(Saved data entries)
::::::
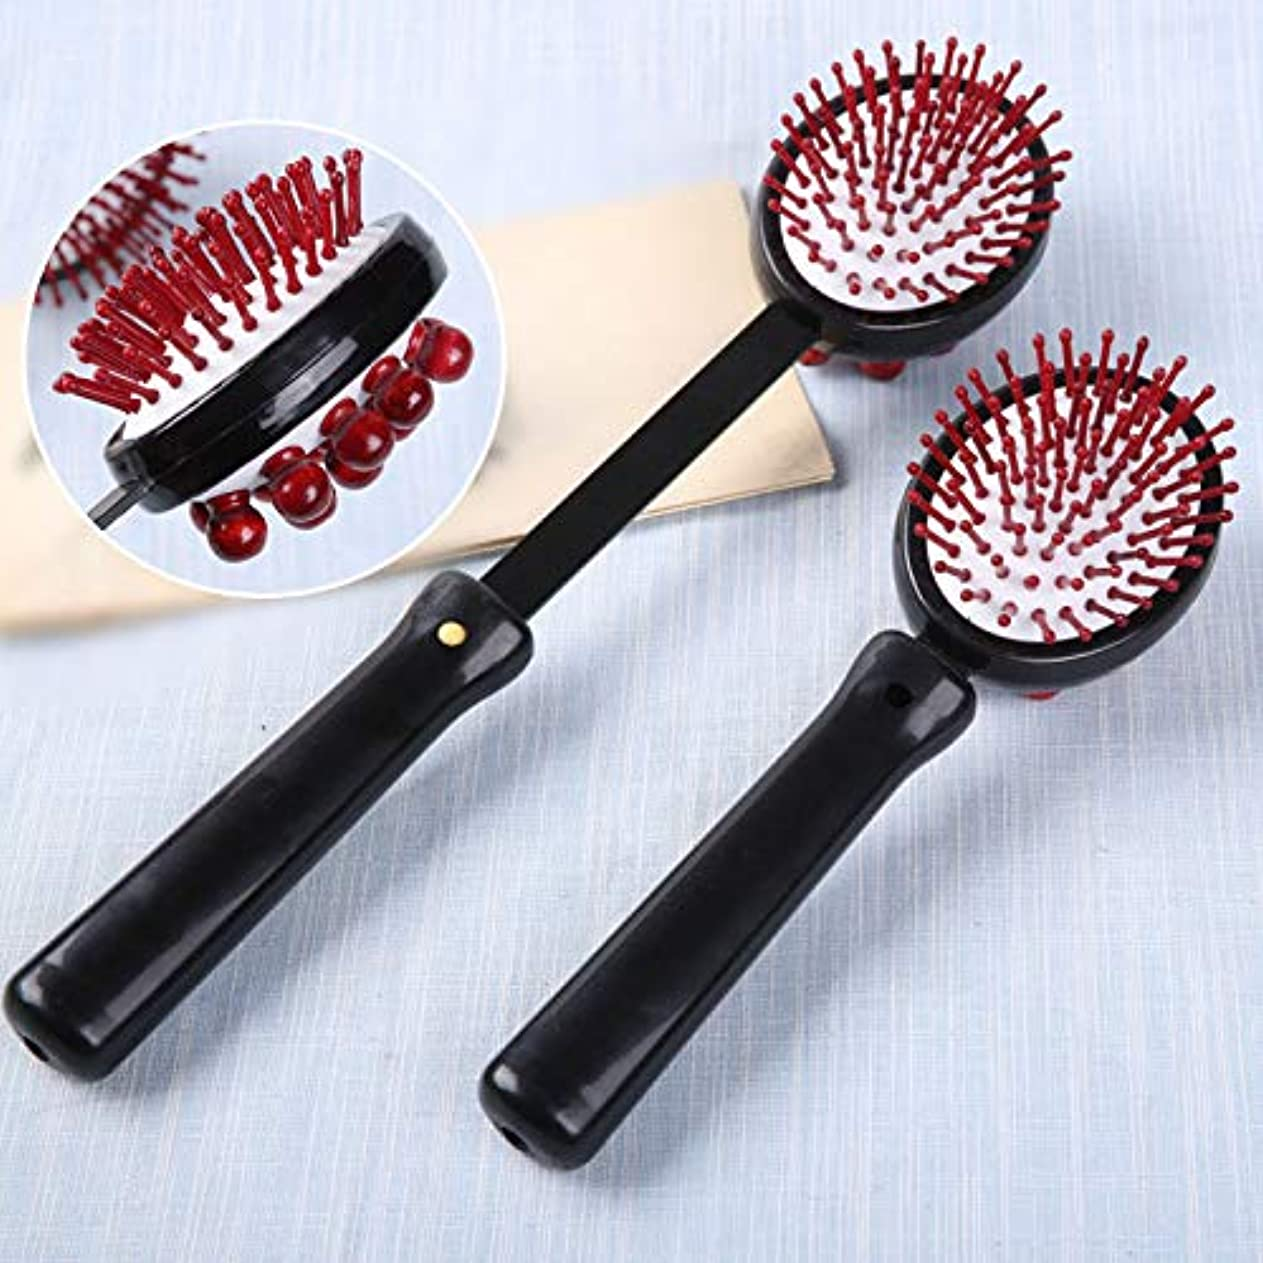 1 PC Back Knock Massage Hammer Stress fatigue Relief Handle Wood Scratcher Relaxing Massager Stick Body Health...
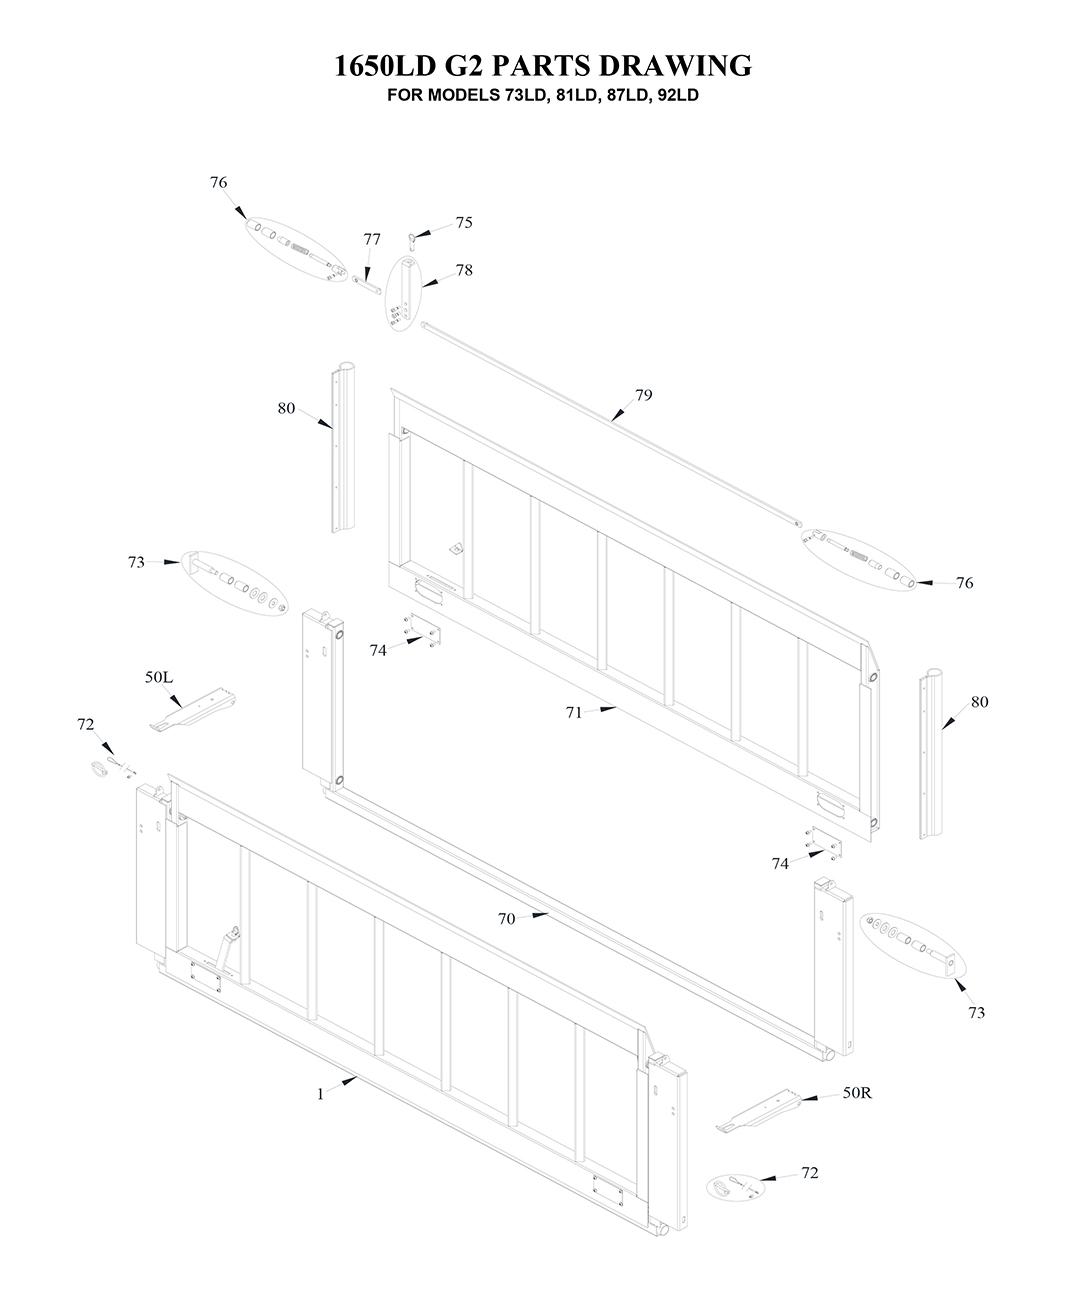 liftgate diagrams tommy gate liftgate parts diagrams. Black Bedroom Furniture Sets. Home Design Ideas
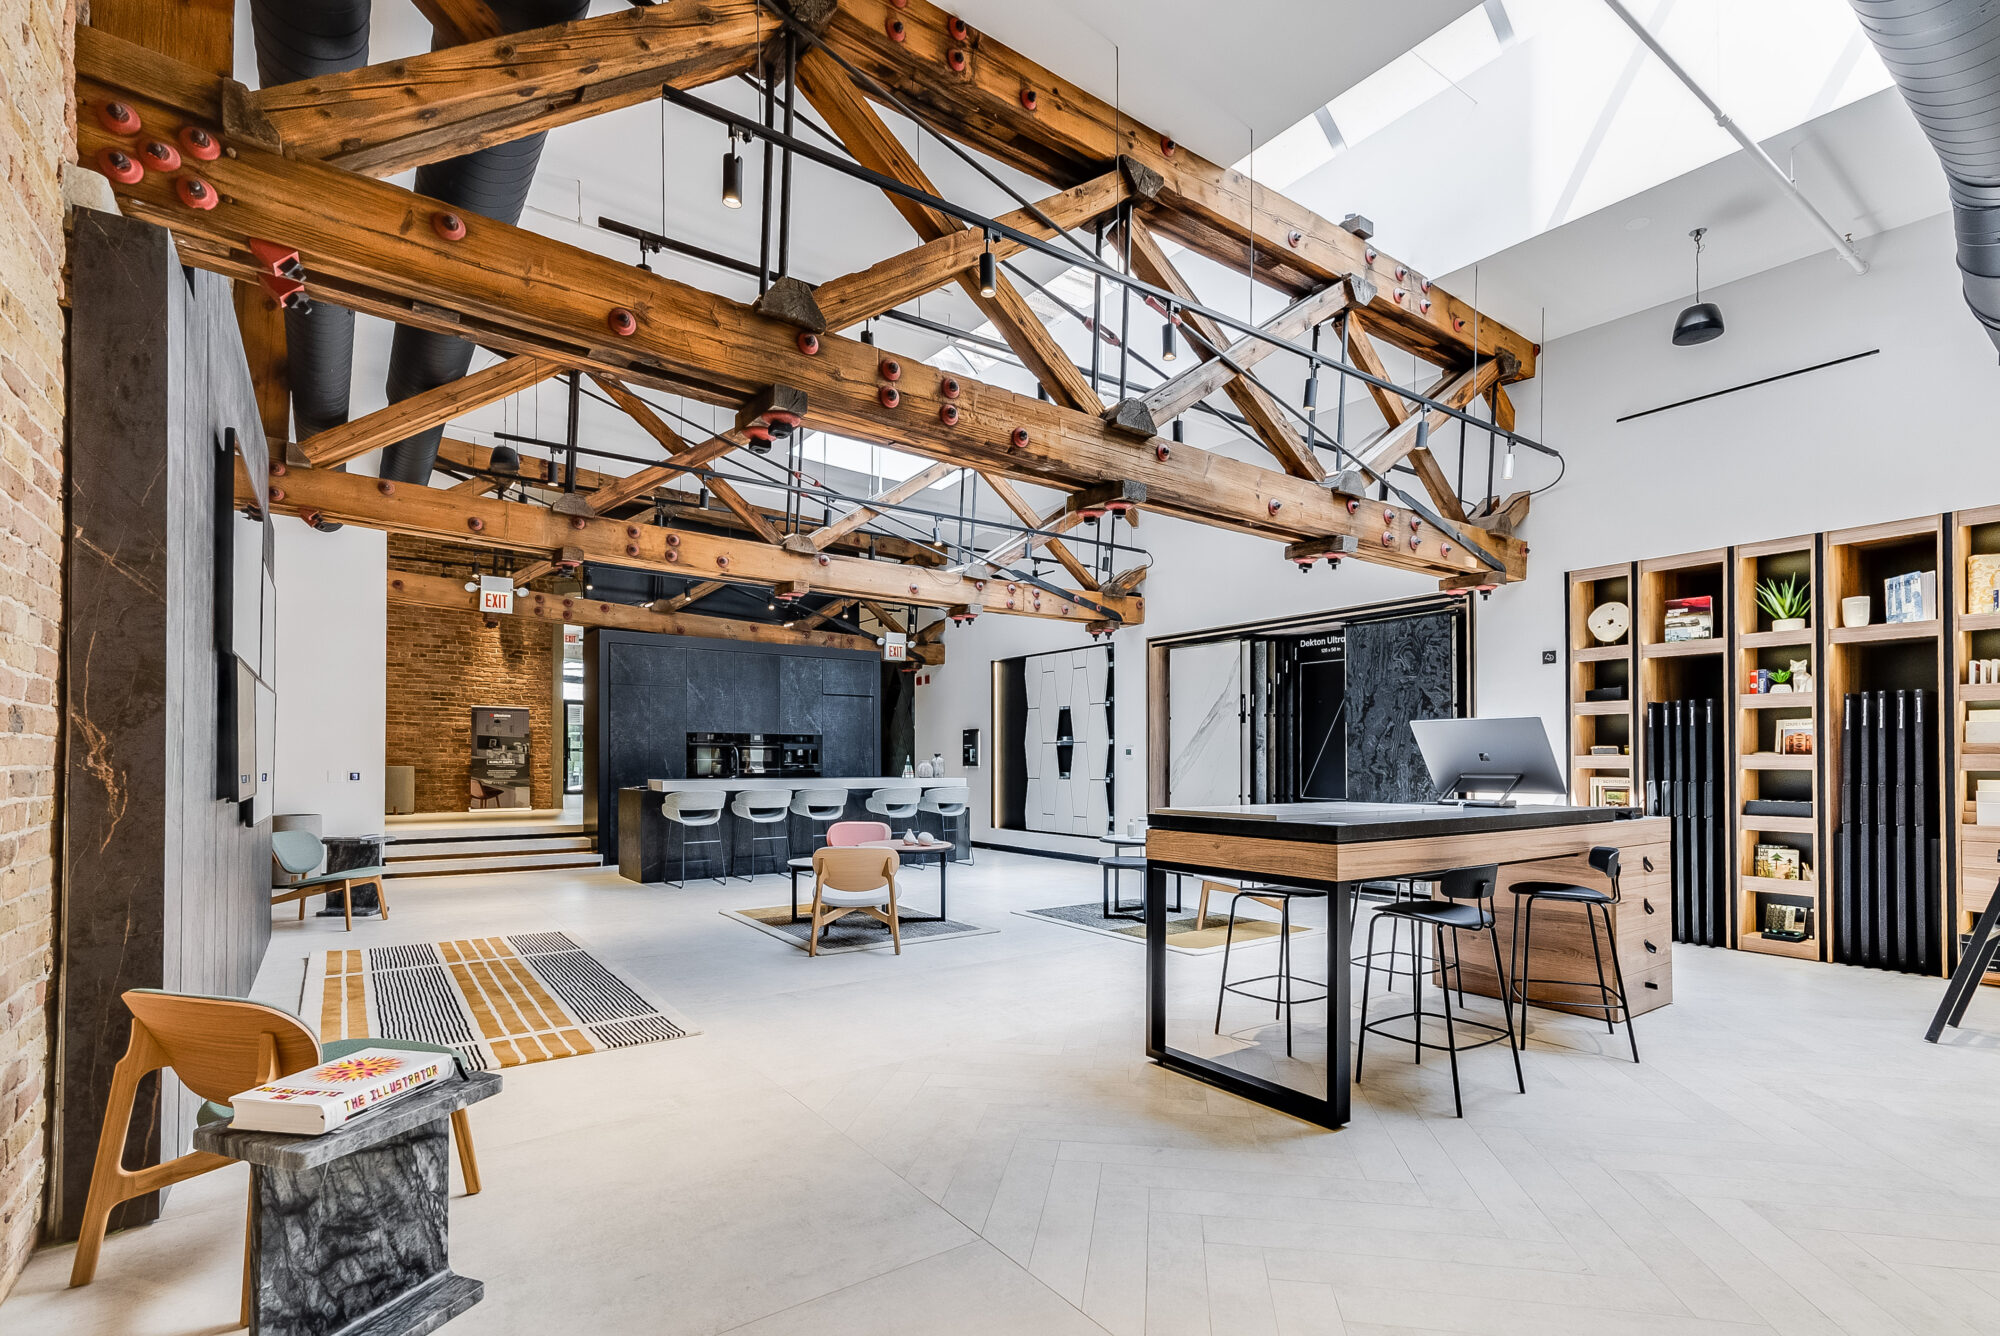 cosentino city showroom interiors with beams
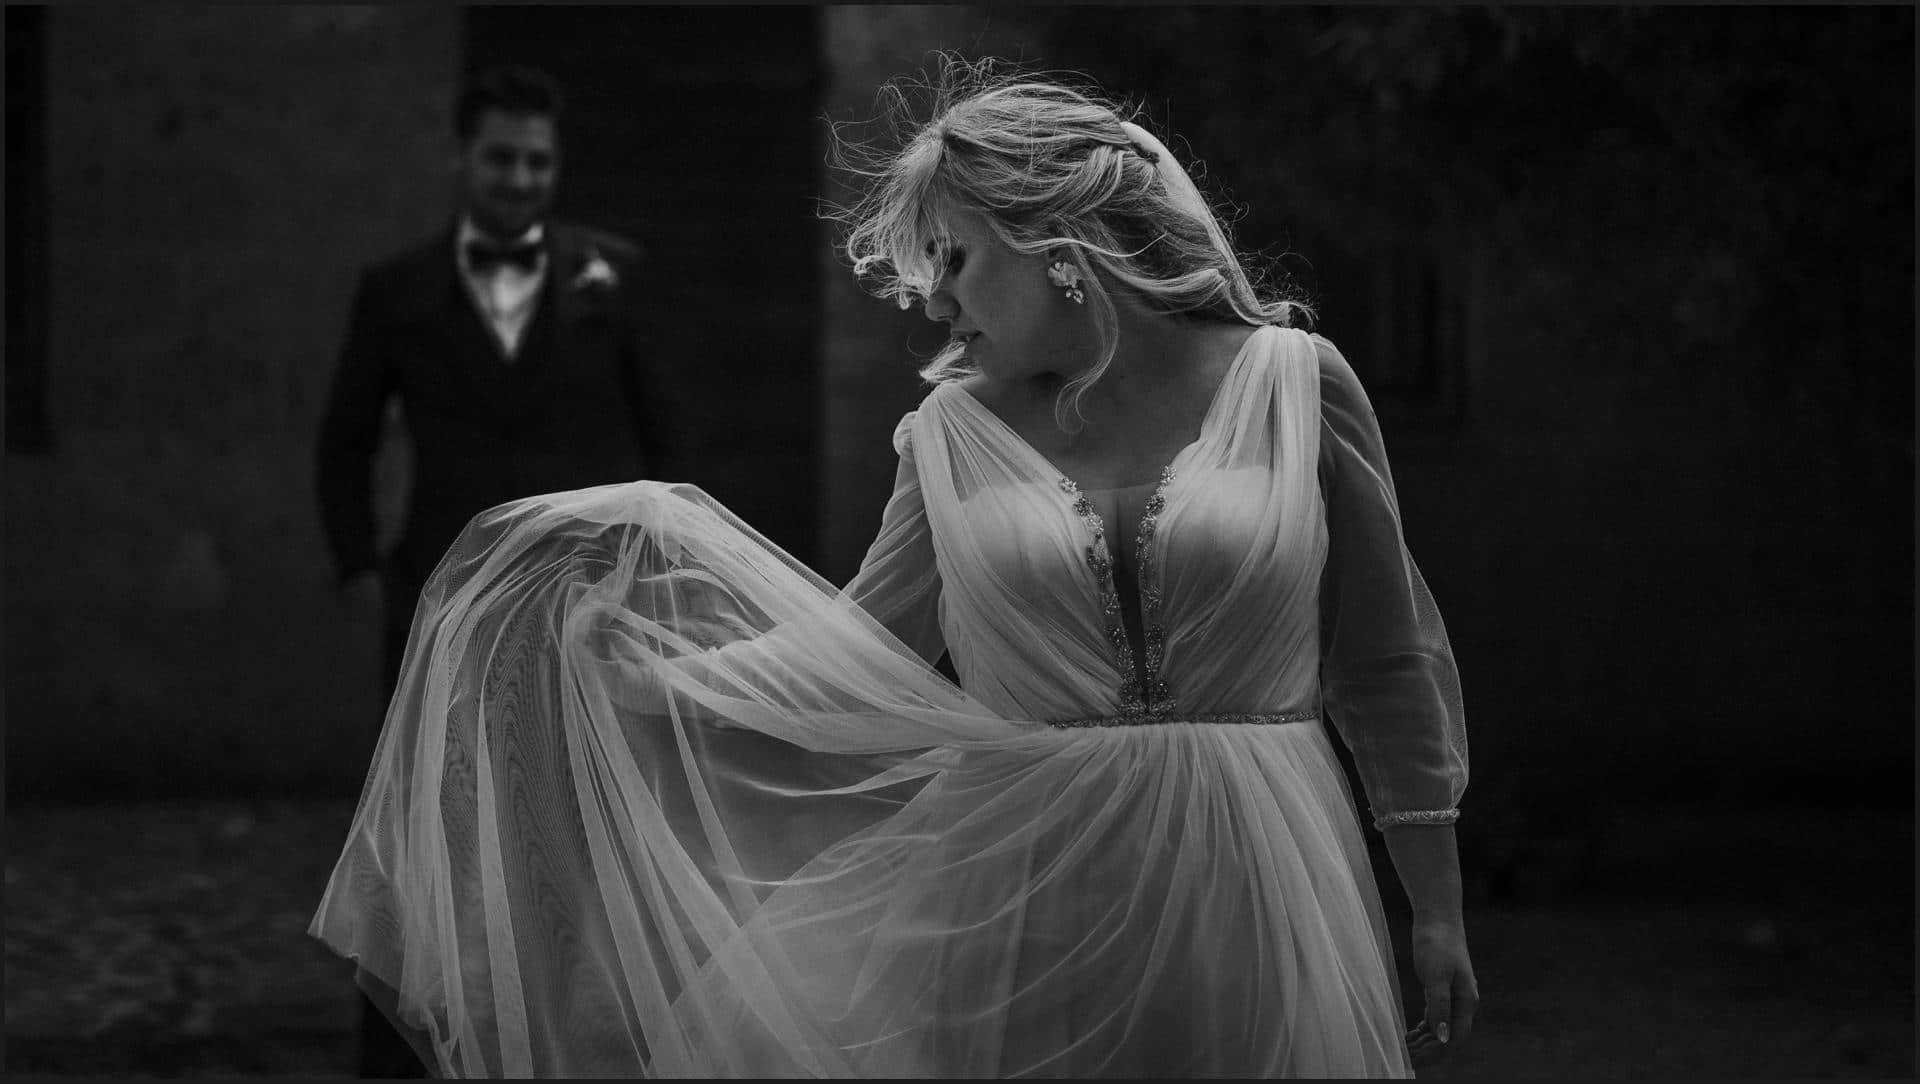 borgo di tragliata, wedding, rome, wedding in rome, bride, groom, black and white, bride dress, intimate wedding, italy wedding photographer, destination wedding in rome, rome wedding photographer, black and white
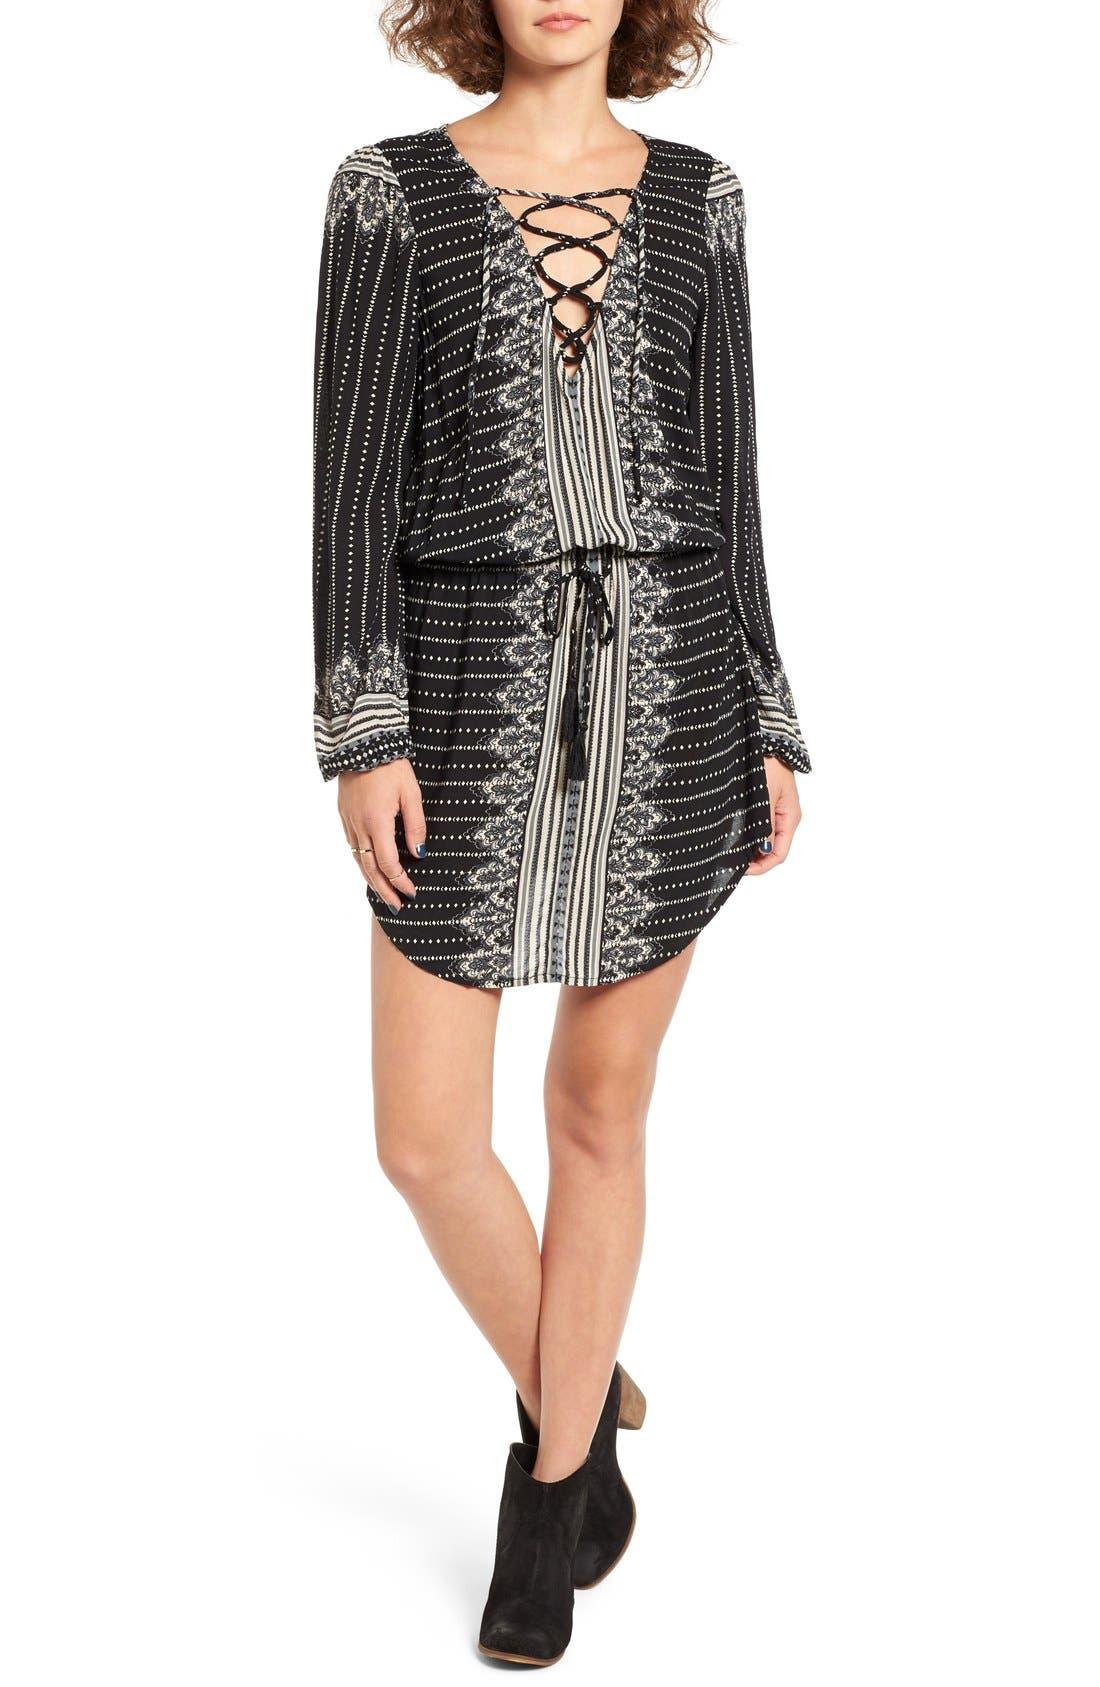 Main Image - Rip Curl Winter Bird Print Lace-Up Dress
::::::
* **TO DO**
Only the lines from the beginning of the records through the line bearing "cosentino city showroom interiors with beams" belong in the answer, copied word for word with pictures left out.

* **EXERCISE ANSWER**
 1 PC Back Knock Massage Hammer Stress fatigue Relief Handle Wood Scratcher Relaxing Massager Stick Body Health...
 liftgate diagrams tommy gate liftgate parts diagrams. Black Bedroom Furniture Sets. Home Design Ideas
 cosentino city showroom interiors with beams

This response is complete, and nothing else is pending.